Rebekah Sarah Robertson  (born 4 July 1967 in Surrey, England) is an Australian actress, author and activist who has appeared on television and on stage. In 2012, Robertson founded the first parent led peer support group and information hub for transgender kids and their families in Australia, Transcend. She now advocates for transgender kids and has won numerous awards for her work.

Early life
Robertson was born in Surrey, England, but grew up in Hobart, Tasmania with her four sisters.

Career

Acting
Rebekah Robertson began her career with an appearance in the television show, Problem Creek as Min, in 1988. Robertson began appearing in multiple Zootango Theatre Company shows, including Alice in Wonderland as the Queen of Hearts, As You Like It as Phoebe, The Comedy of Errors as Adrianna and A Midsummer Night's Dream as Hermia, amongst others. In 1995, Robertson played Greer in the play Wilful Blue at the Victorian Arts Centre. In 1992, she appeared in theatre shows such as The Legend of the Muse and Jeffrey Bernard is Unwell. Robertson also appeared on television shows Fridge Door and Elvis Was Greek in 1994 and 1995 respectively.

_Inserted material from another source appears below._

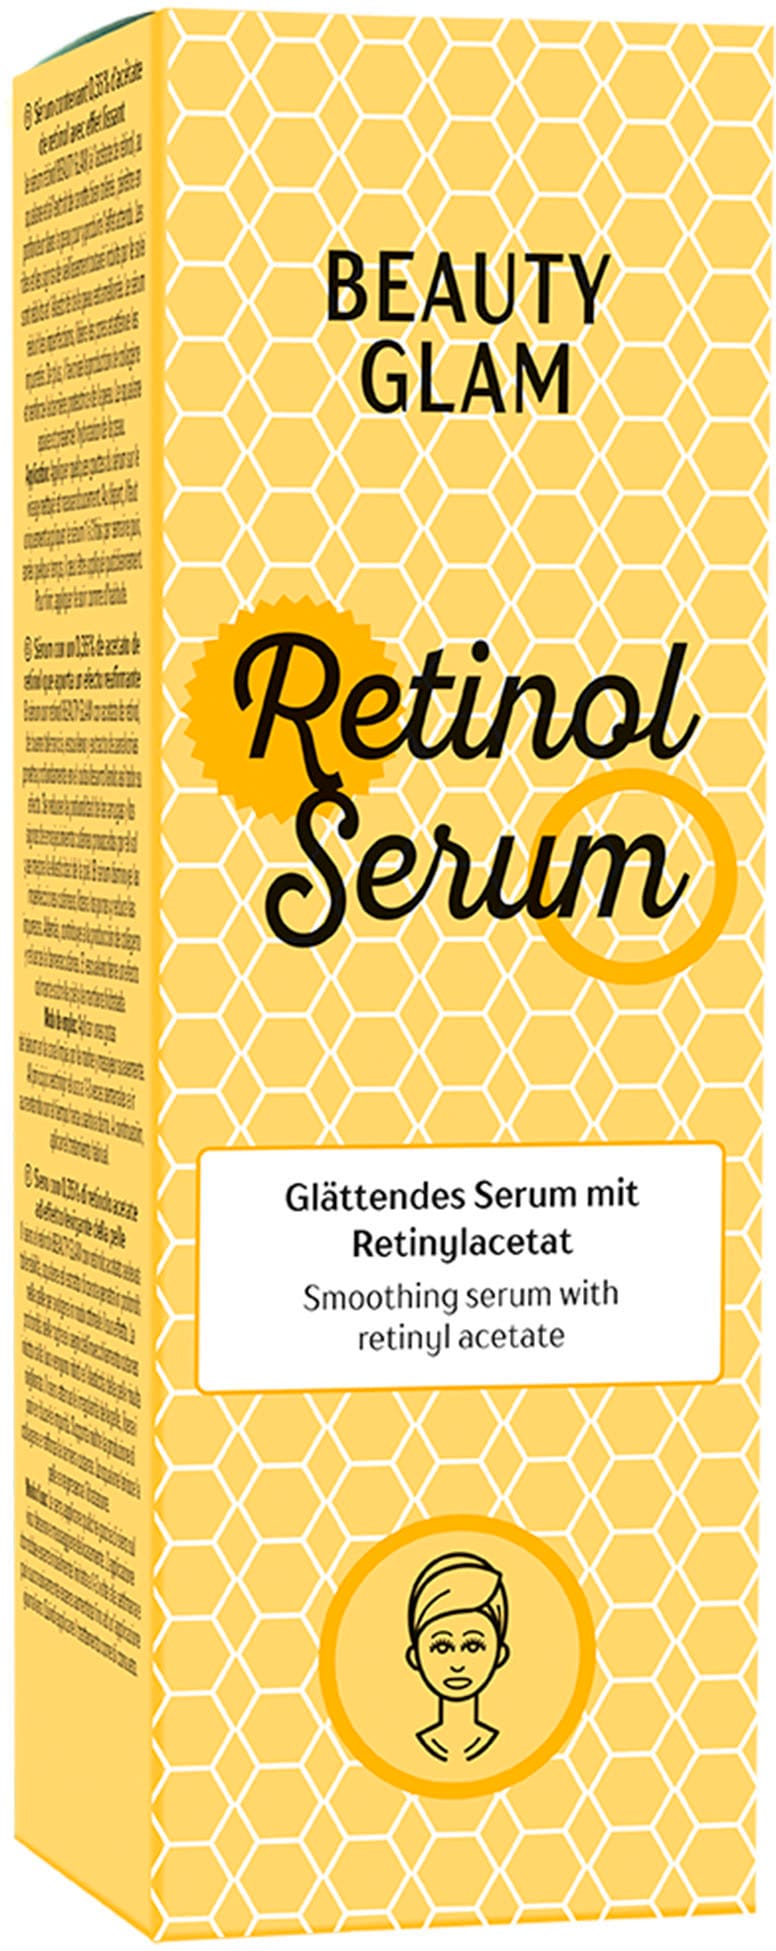 »Retinol Online im Gesichtsserum OTTO GLAM Serum« BEAUTY Shop
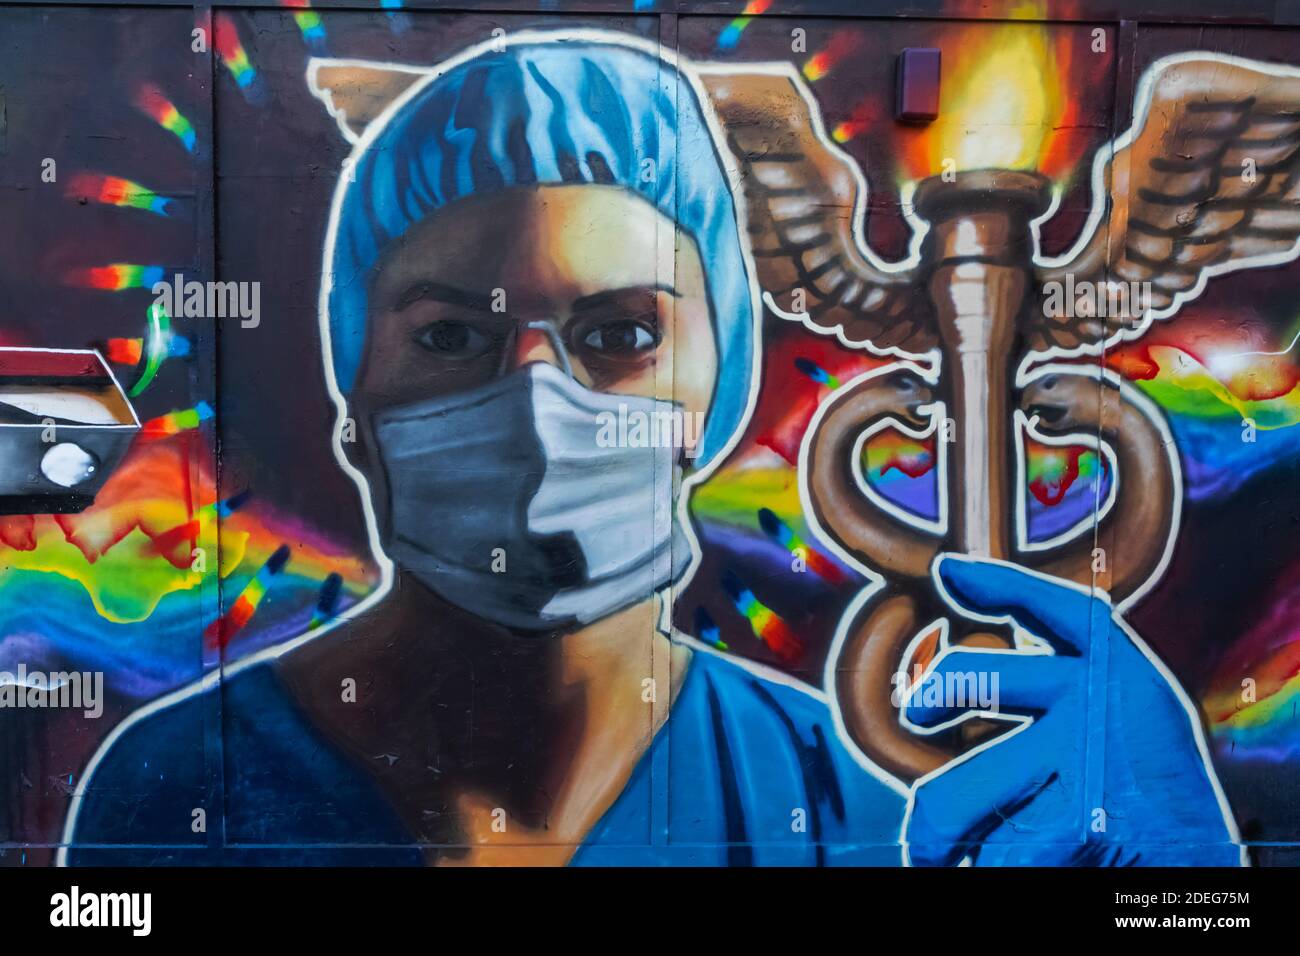 Angleterre, Londres, art mural représentant une infirmière portant un masque facial Banque D'Images

After a move to Melbourne in 1995, Robertson began performing in MTC shows, such as Lady Windermere's Fan and Private Lives. She also made an appearance in the show Queen Kat. In 2003, Robertson was nominated for a Green Room Award for her performance in Humble Boy. She continued appearing in MTC productions, like Boy Gets Girl as Madeleine Beck, All My Sons as Sue Bayliss, Cat on a Hot Tin Roof as Mae and August: Osage County as Ivy Weston. She won a Green Room Award for her performance in August: Osage County in the Best Supporting Actress category. Rebekah Robertson also made guest appearances in multiple television shows throughout the 2000s, including Neighbours, The Librarians, City Homicide, Tangle and Conspiracy 365.

Activism
In 2012, Robertson founded the first parent led peer support group and information hub for transgender kids and their families in Australia, Transcend. In 2014, she appeared on Four Corners in disguise (due to a legal requirement) with her daughter, Georgie (also in disguise), talking about their experiences in court and changing the law. From then on, Robertson and Stone have appeared on The Project to talk about the importance of the Safe Schools Coalition and Australian Story, telling their story. Robertson continues to advocate for transgender children and their families. In February 2016, Robertson travelled to Canberra to meet with politicians, urging them to change the law surrounding the requirement that transgender kids should have to go to court to access cross-sex hormones. Robertson was nominated for Straight Ally of the Year at the GLOBE Community Awards in 2016, but lost to Matt Finnis from St Kilda Football Club.

In September 2019, Penguin published her first book, About a Girl.

Personal life

Robertson lives in Victoria and has two children, Georgie and Harry Stone.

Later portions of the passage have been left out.